AIM OF THE EXERCISE:
In this exercise, the entries below include pictures. Repeat exactly the lines from the line with "Black Skater T-Shirt, Supply V2 Back Print" to the line with "Schild Parkplatz P", including both, but without the pictures.

DATA:
....

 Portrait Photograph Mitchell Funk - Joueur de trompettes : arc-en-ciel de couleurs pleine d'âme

....

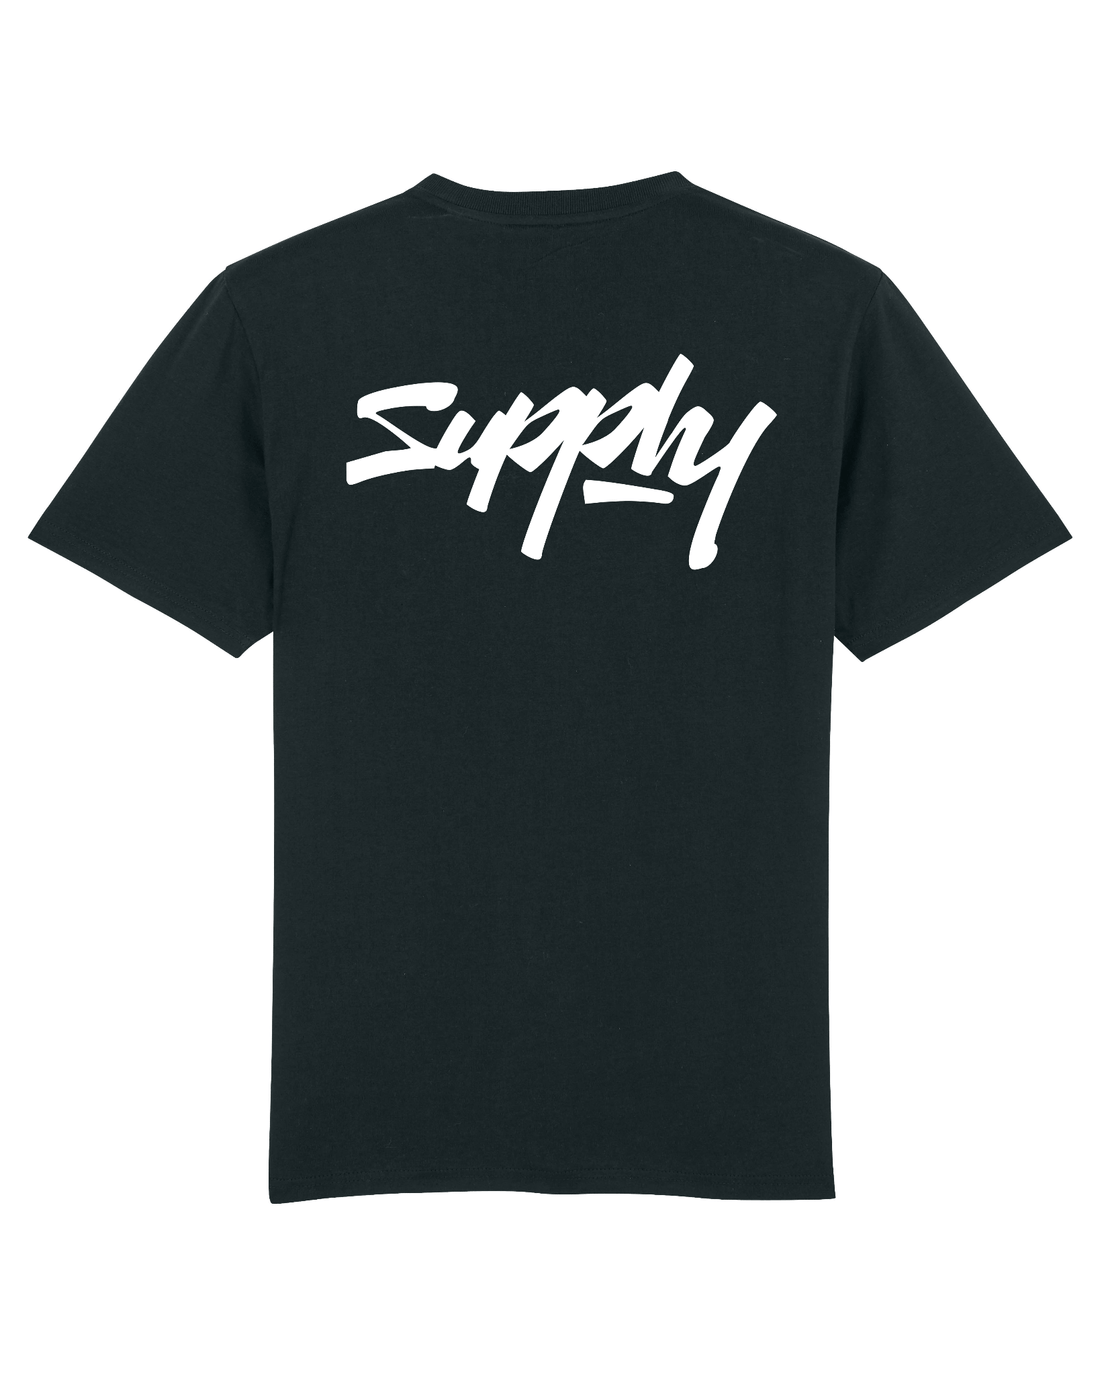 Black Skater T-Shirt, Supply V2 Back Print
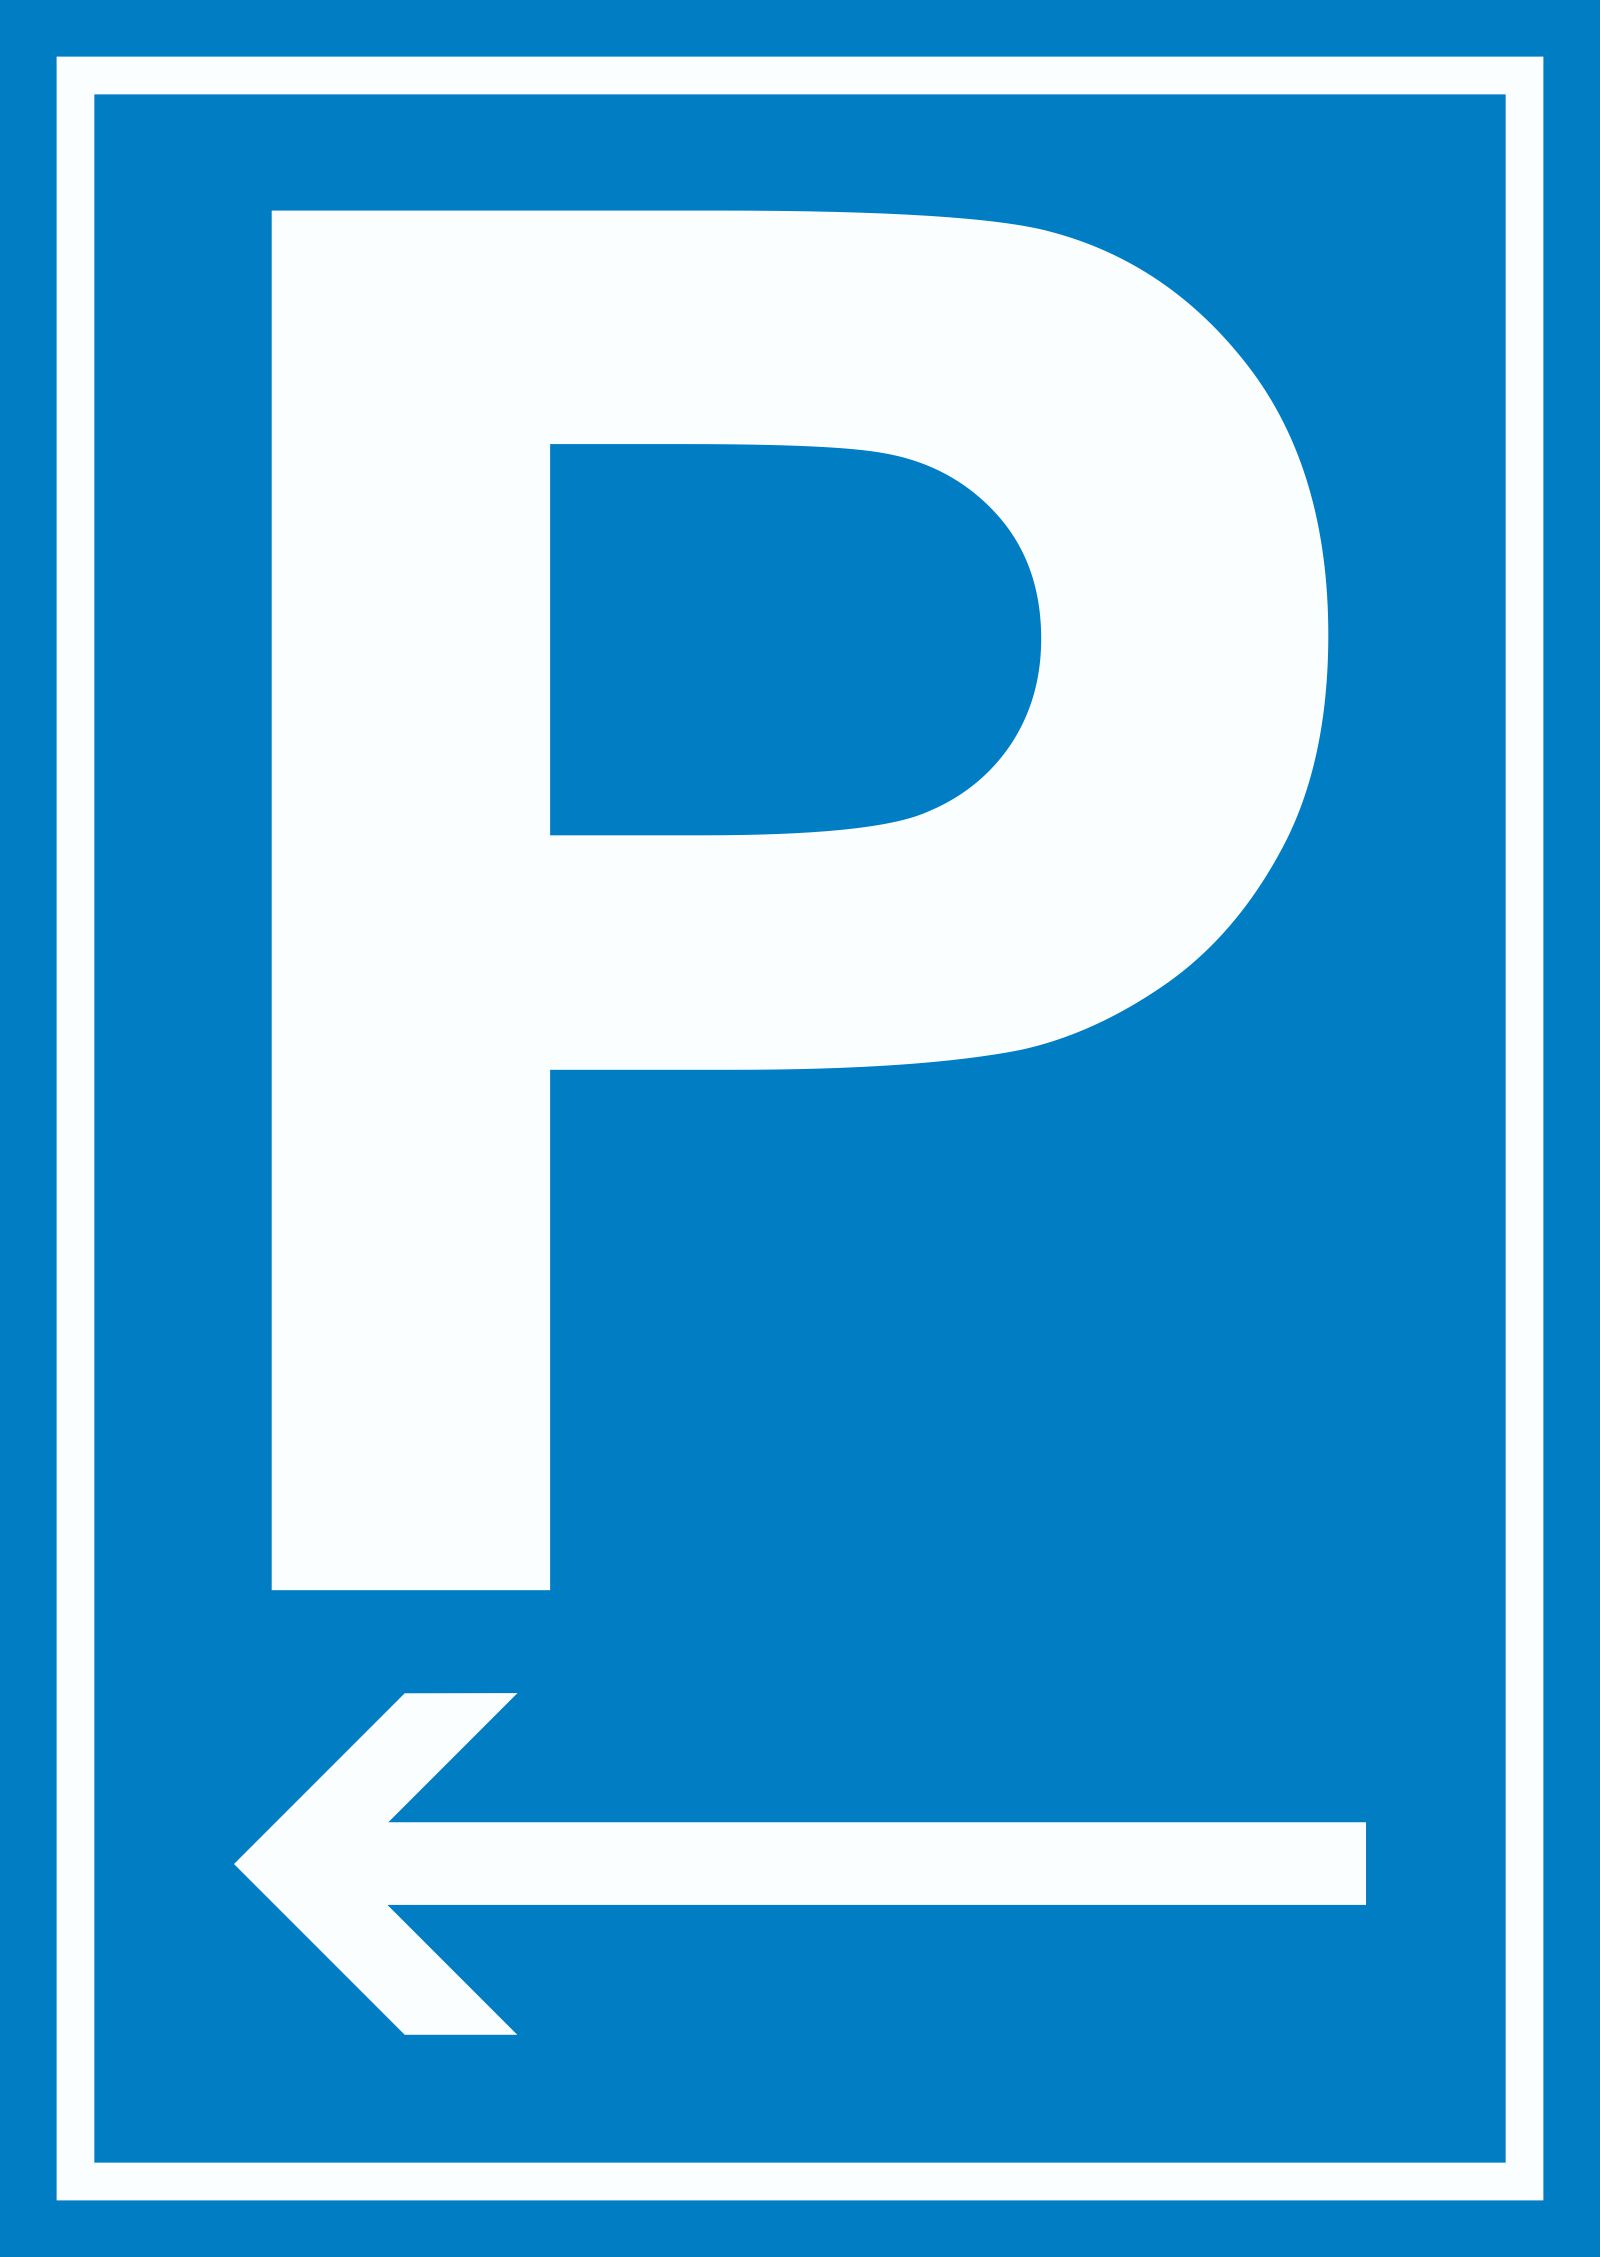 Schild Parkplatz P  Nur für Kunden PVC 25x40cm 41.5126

....

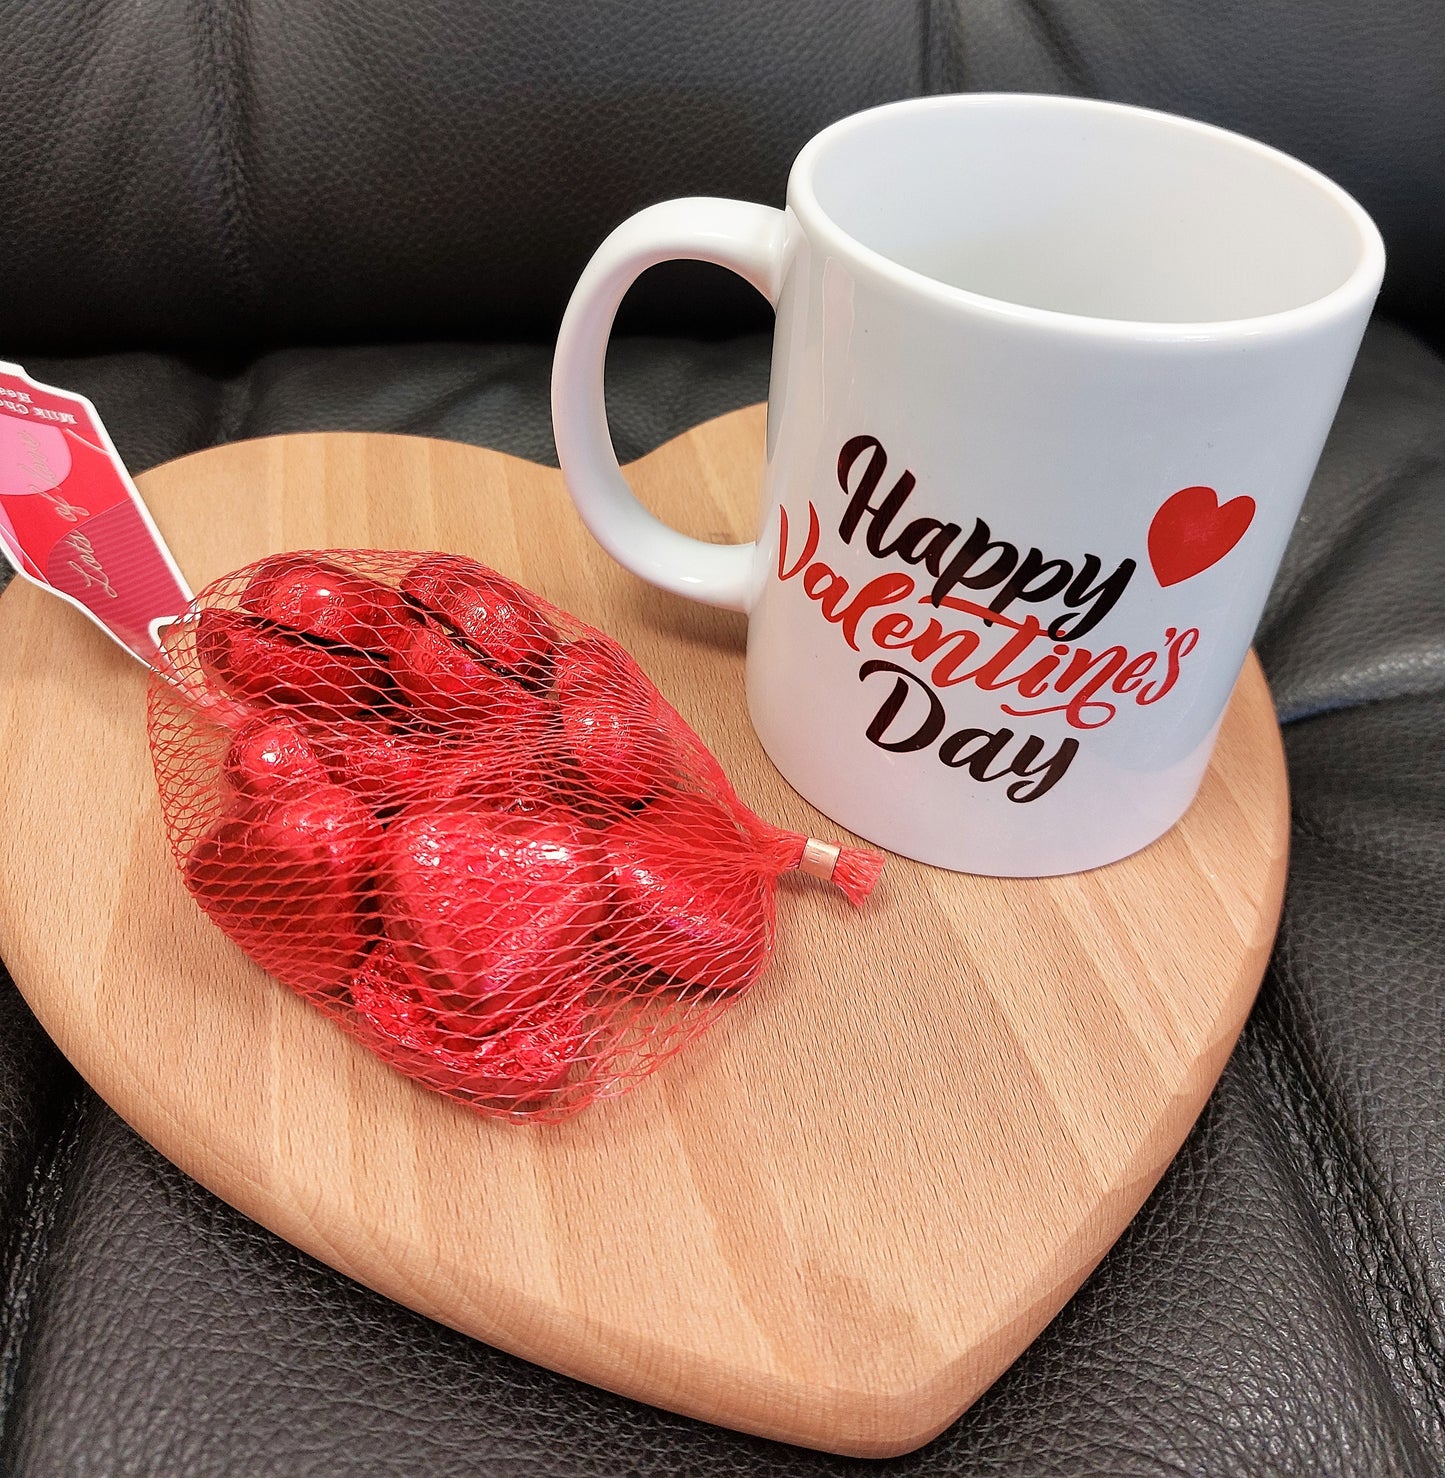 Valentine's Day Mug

....

EXERCISE RESULT:
 Black Skater T-Shirt, Supply V2 Back Print
 Schild Parkplatz P  Nur für Kunden PVC 25x40cm 41.5126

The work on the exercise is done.